**TASK INSTRUCTIONS:** Find the line containing "Perspektive eines Videografen", then return it and every line after it through the end of the records, exactly. Leave out pictures.

Data items:
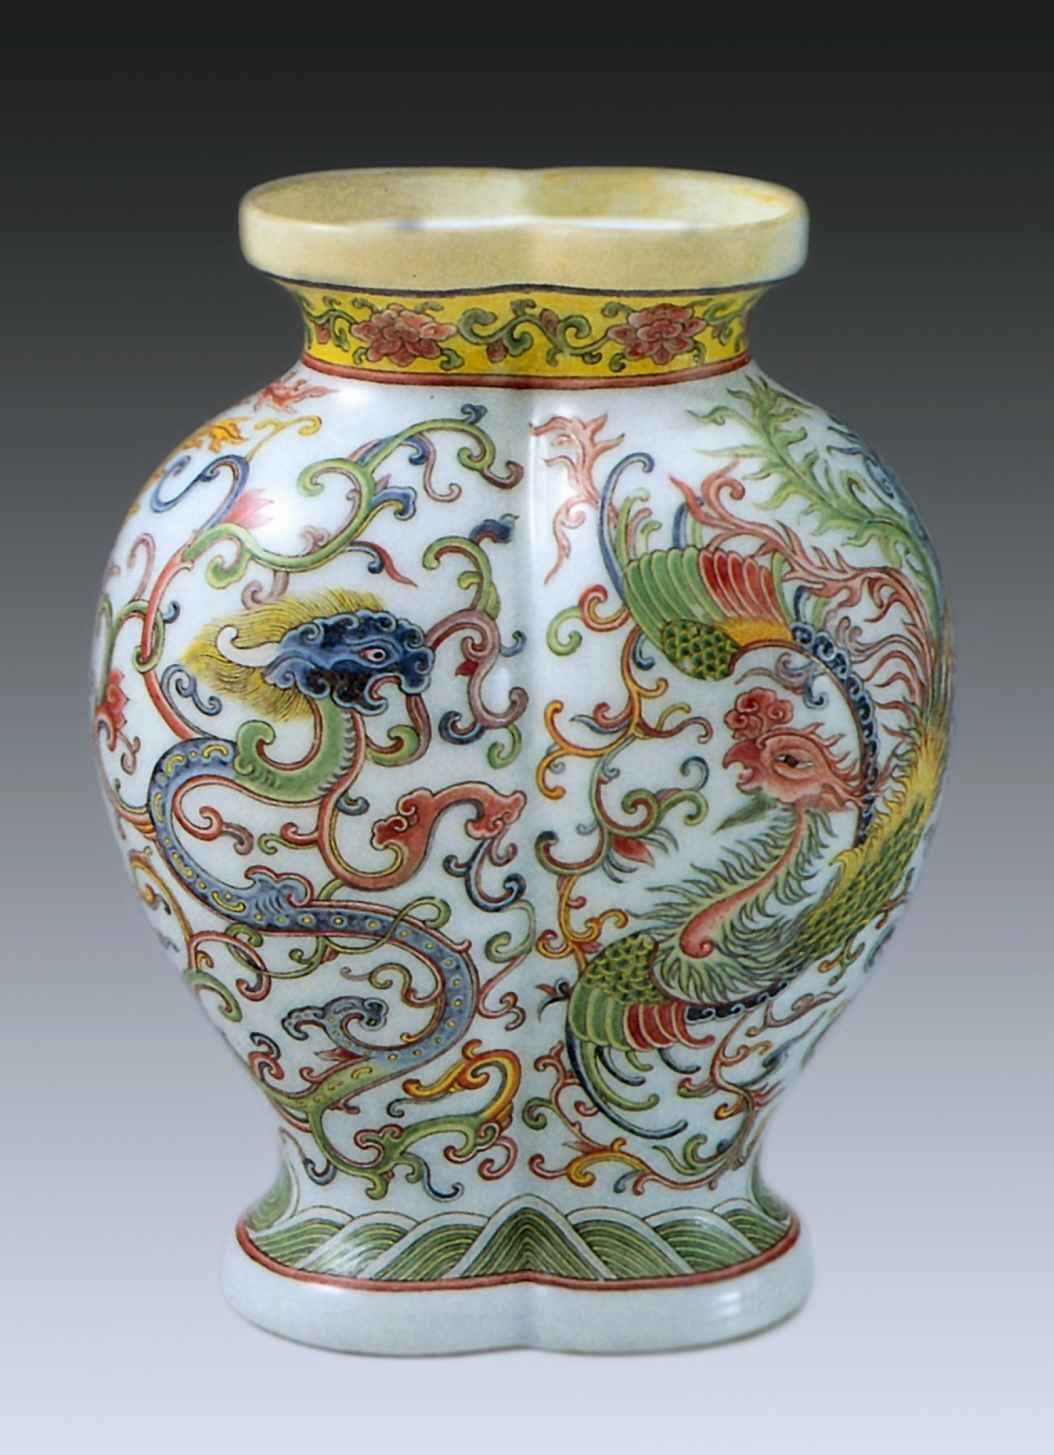 Ваза двудольной формы с изображением дракона и феникса <br>18 век <br>Фарфор, глазурь <br>Шанхай, Городской музей 
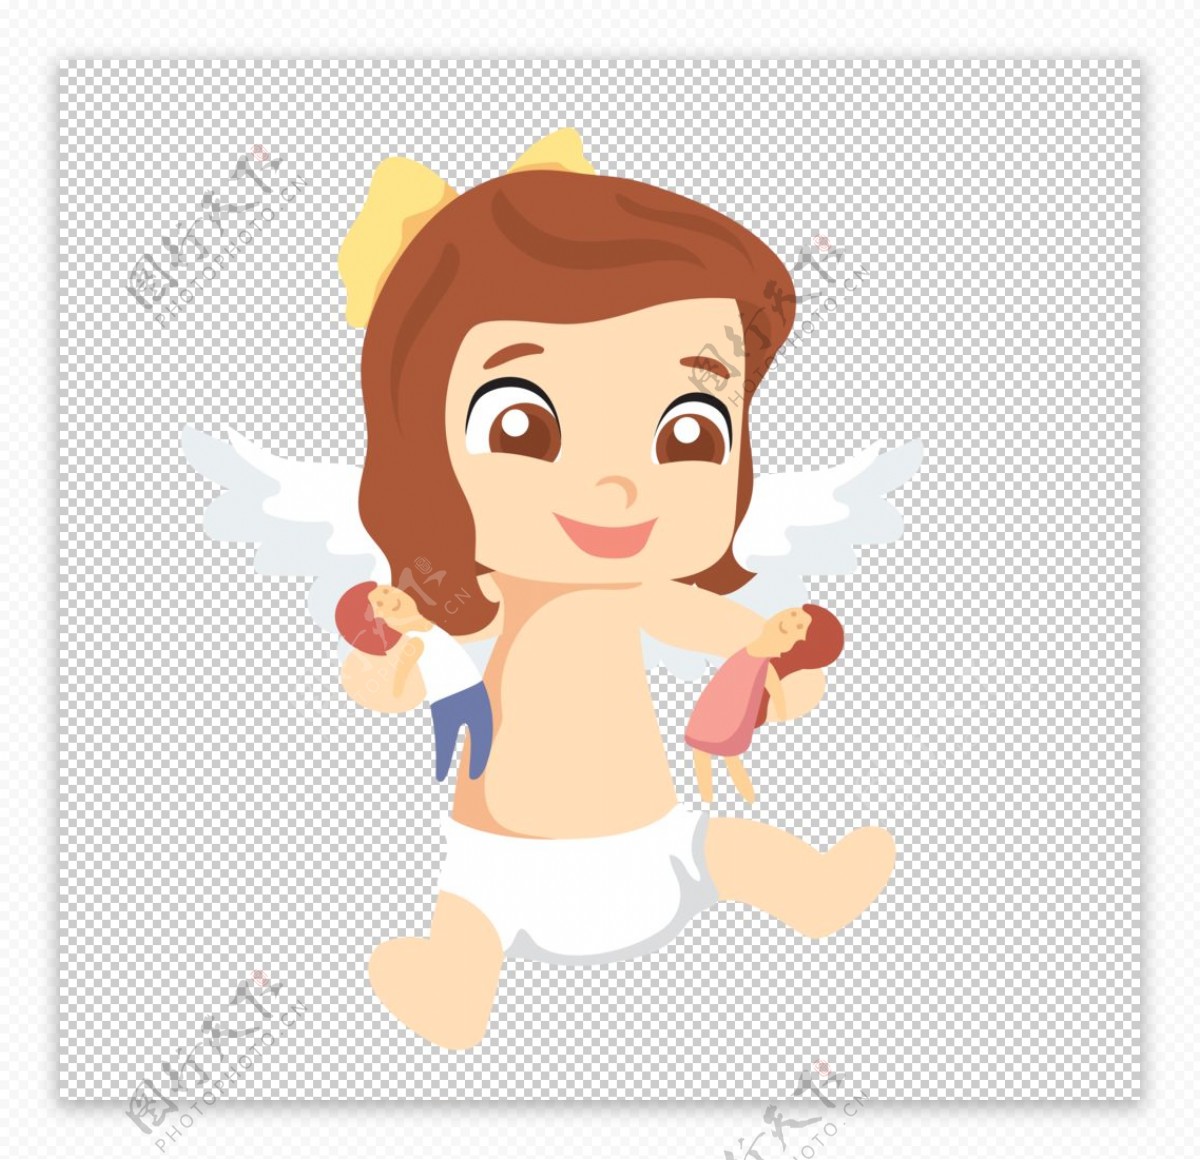 可爱的小天使图片素材-编号13947455-图行天下
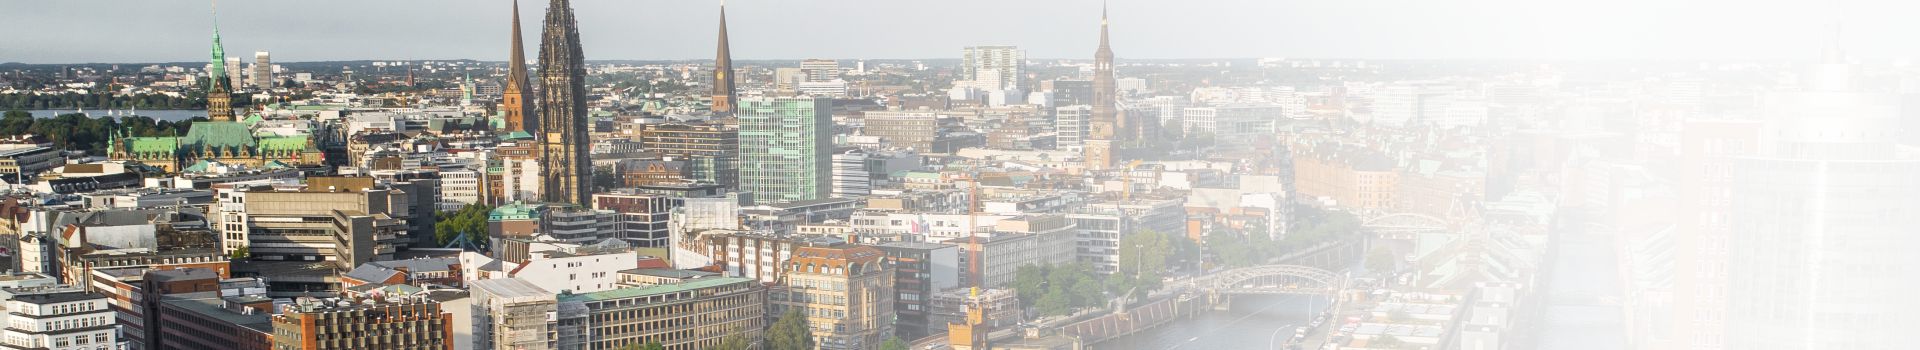 Die Hansastadt Hamburg in einer Luftbildaufnahme. Hier passieren am tag viele Autounfälle.
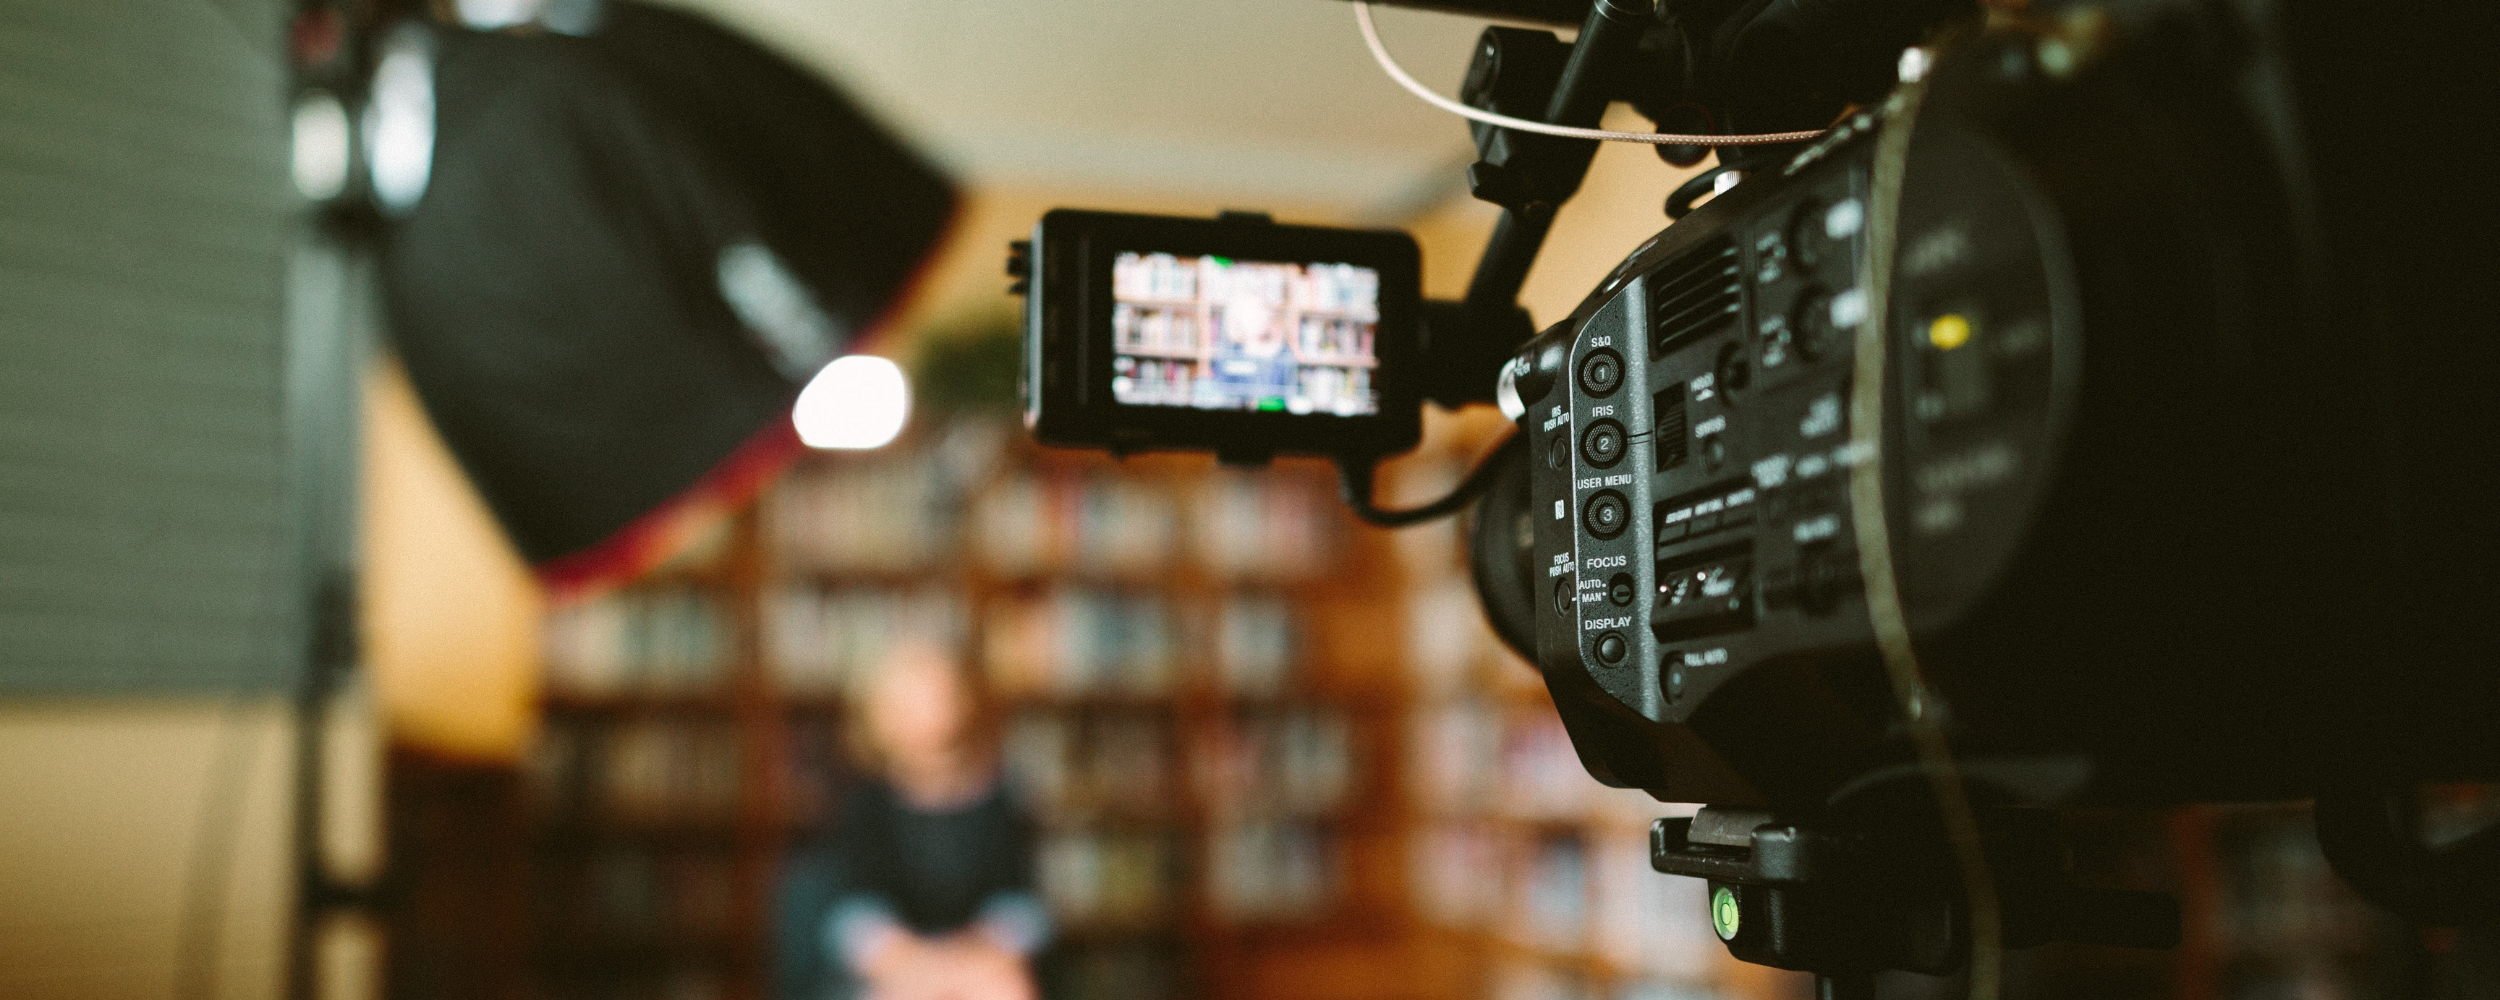 Perspektive eines Videografen neben einer Kamera, die auf eine Person vor einem Bücherregal gerichtet ist
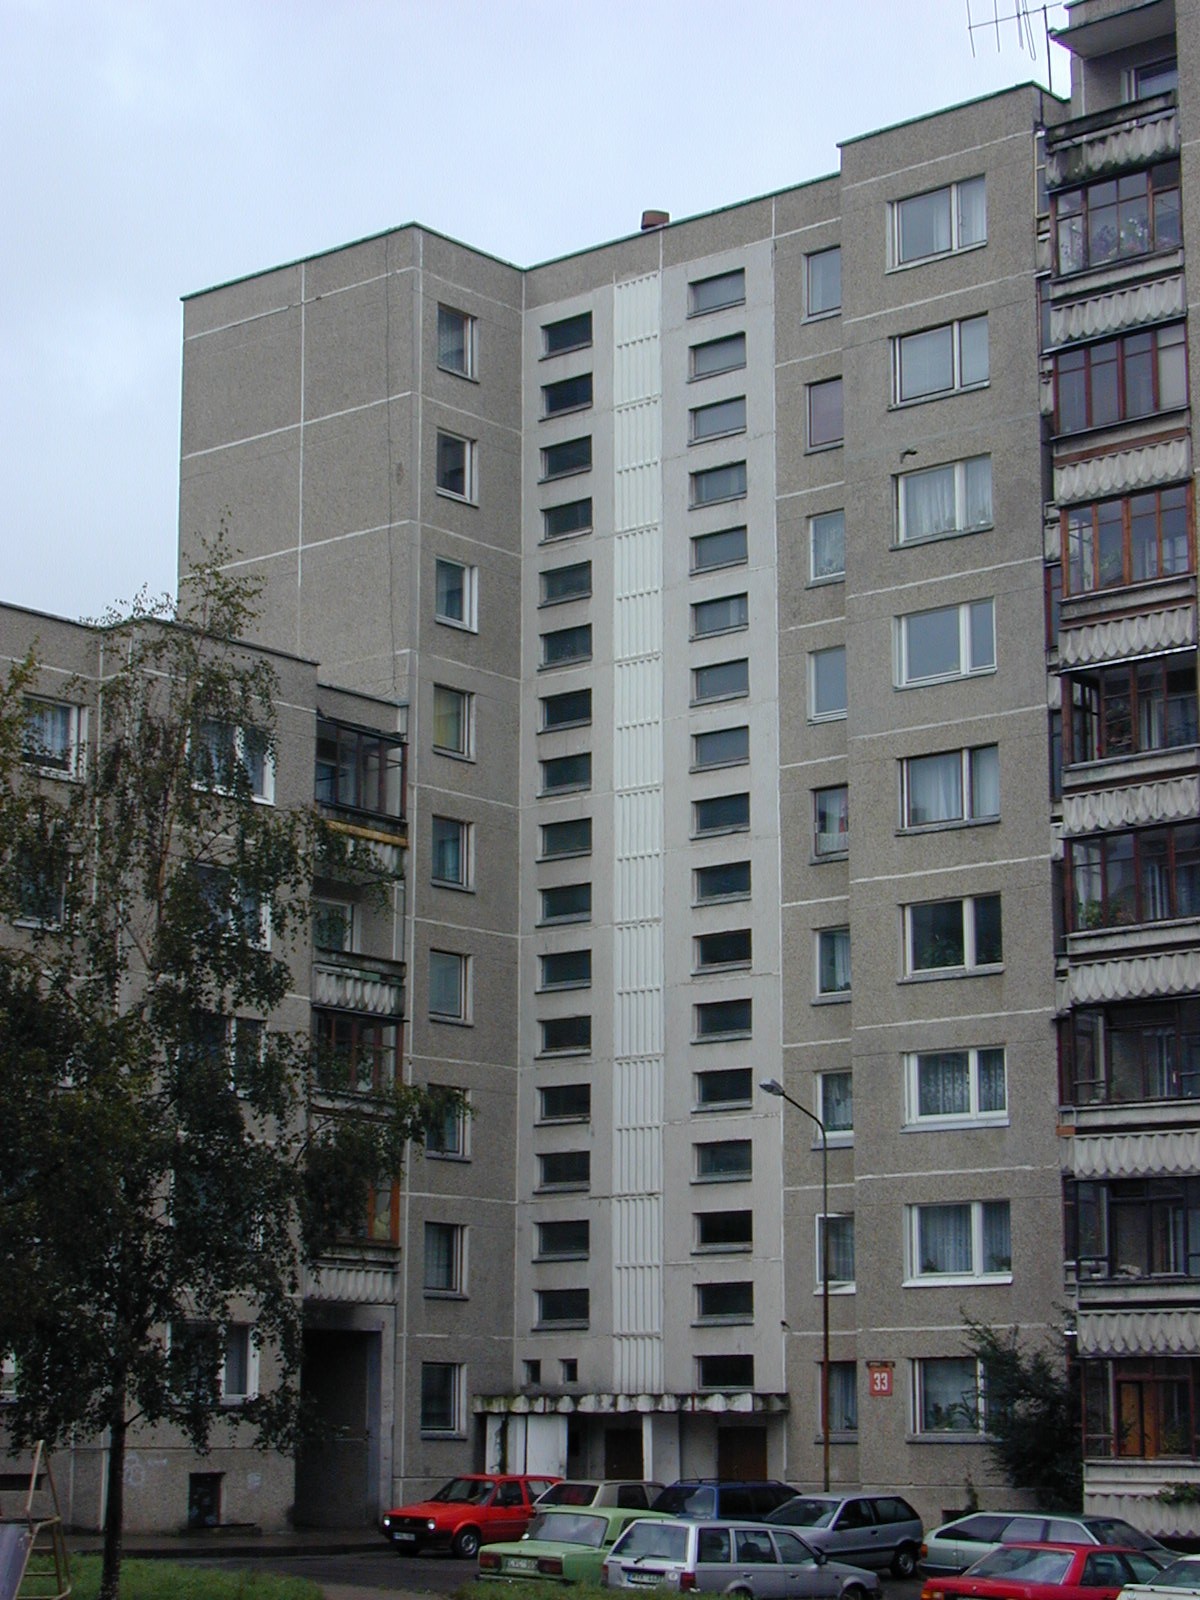 Rygos g. 33, Vilnius

**REPLY TO THE TASK:**
 Perspektive eines Videografen neben einer Kamera, die auf eine Person vor einem Bücherregal gerichtet ist
 Rygos g. 33, Vilnius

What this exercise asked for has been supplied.